Painful Memories for China's Footbinding Survivors
Suffering for beauty is a concept familiar to most women, who have dyed, plucked or shaved their hair, squeezed their feet into uncomfortable high heels or even surgically enhanced parts of their anatomy. Millions of Chinese women went even further — binding their feet to turn them into the prized "three-inch golden lotuses."
Footbinding was first banned in 1912, but some continued binding their feet in secret. Some of the last survivors of this barbaric practice are still living in Liuyicun, a village in Southern China's Yunnan province.
Wang Lifen was just 7 years old when her mother started binding her feet: breaking her toes and binding them underneath the sole of the foot with bandages. After her mother died, Wang carried on, breaking the arch of her own foot to force her toes and heel ever closer. Now 79, Wang no longer remembers the pain.
'Young Bones Are Soft'
"Because I bound my own feet, I could manipulate them more gently until the bones were broken. Young bones are soft, and break more easily," she says.
At that time, bound feet were a status symbol, the only way for a woman to marry into money. In Wang's case, her in-laws had demanded the matchmaker find their son a wife with tiny feet. It was only after the wedding, when she finally met her husband for the first time, that she discovered he was an opium addict. With a life encompassing bound feet and an opium-addict husband, she's a remnant from another age. That's how author Yang Yang, who's written a book about them, sees these women.
"These women were shunned by two eras," Yang says. "When they were young, footbinding was already forbidden, so they bound their feet in secret. When the Communist era came, production methods changed. They had to do farming work, and again they were shunned."
A Dwindling Few
Outside the temple in Liuyicun, old women sit chatting, some resting their shrunken feet in the sunlight. Seven years ago, there were still 300 women with bound feet in this village. But many have since died. The village's former prosperity, from its thriving textile business, was the reason every family bound their daughters' feet. And they carried on long after footbinding was outlawed in 1912.
Zhou Guizhen remembers tricking the government inspectors.
"When people came to inspect our feet, my mother bandaged my feet, then put big shoes on them," Zhou says. "When the inspectors came, we fooled them into thinking I had big feet."
Zhou is now a fragile 86-year-old with a rueful chuckle. Tottering along in her blue silk shoes embroidered with phoenixes, she marvels at how the world has changed. Born into a rich family and married into fabulous wealth, all her possessions were confiscated by the Communists.
A Regretful Decision
Now she opens the door to her dark, decrepit one-room hut with earthen floors and paper-lattice windows through which the cold wind whistles. Values have been turned upside down since her childhood. Then, she says, bound feet were seen as a mark of class. Now, they stand for female subjugation.
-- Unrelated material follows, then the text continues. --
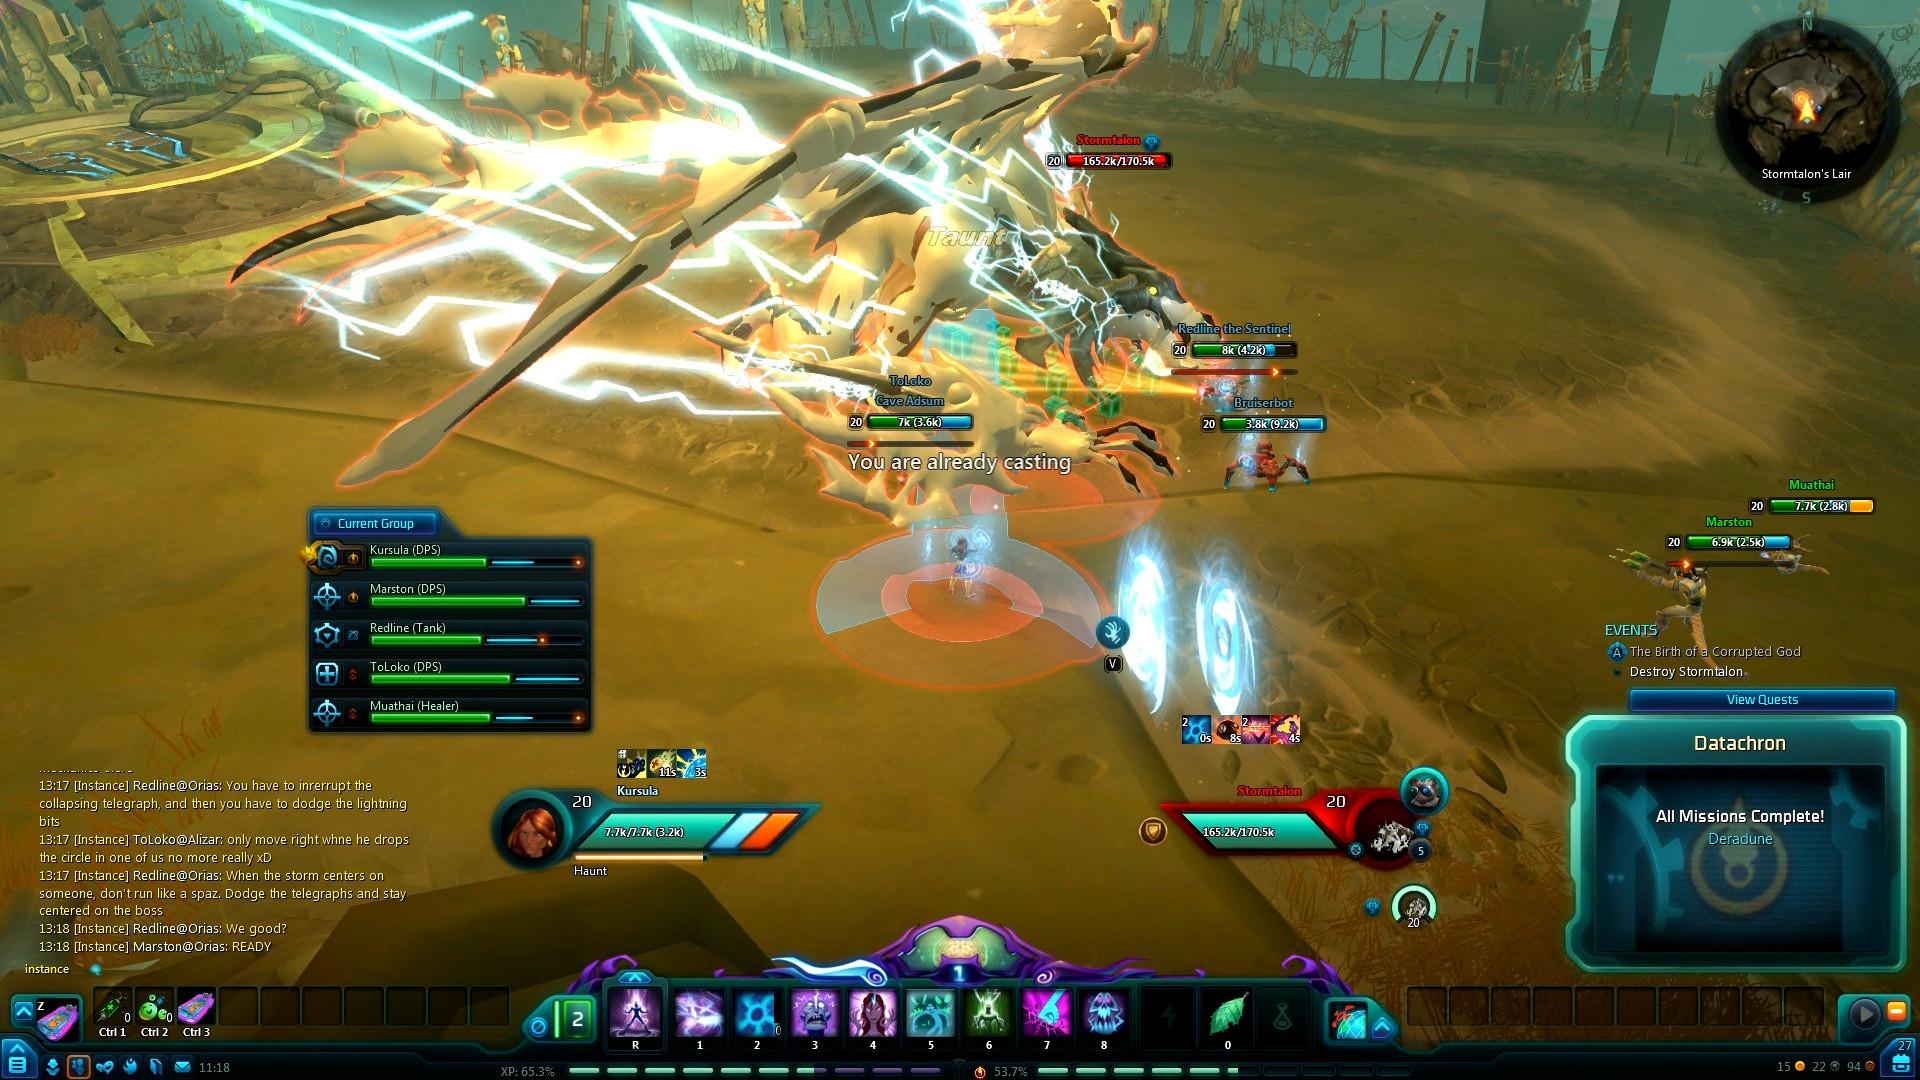 Lightning_Strike_Phase1_Stormtalon

"I regret binding my feet," Zhou says. "I can't dance, I can't move properly. I regret it a lot. But at the time, if you didn't bind your feet, no one would marry you."
These "golden lotuses" were proof of a foot fetish on a national scale, with hobbled feet acting as another erogenous zone, the most forbidden of them all. But for author Yang Yang, whose mother had bound feet, the reality was far more prosaic.
"The bandages that women used for footbinding were about 10 feet long, so it was difficult for them to wash their feet," Yang says. "They only washed once every two weeks, so it was very, very stinky. But when I was young I was very free, because when I was naughty my mother couldn't run fast enough with her bound feet to catch me and beat me."
Despite their self-inflicted disabilities, these women are survivors. Wang often baby-sits her neighbors' toddler, carrying the plump 20-pound child on her back as she goes about her daily chores. As Wang surveys her tiny shoes, cocking her head from side to side, it's clear she's proud of her little feet.
"There's not a single other woman in Liuyicun who could fit their feet into my shoes," she says. "When my generation dies, people won't be able to see bound feet, even if they want to."
These women even gained fame of a sort, forming a bound-feet disco dancing troupe which toured the region. Zhou was once the star of the troupe, but now she's too old to dance.
Such public display is a far cry from their youth, when their bound feet restricted their freedom, keeping them close to their homes. But the local press criticized the dance troupe, talking of exploitation and freak shows. These women yet again are victims of history in a society that finds their plight an embarrassing reminder of its own recent brutality towards women.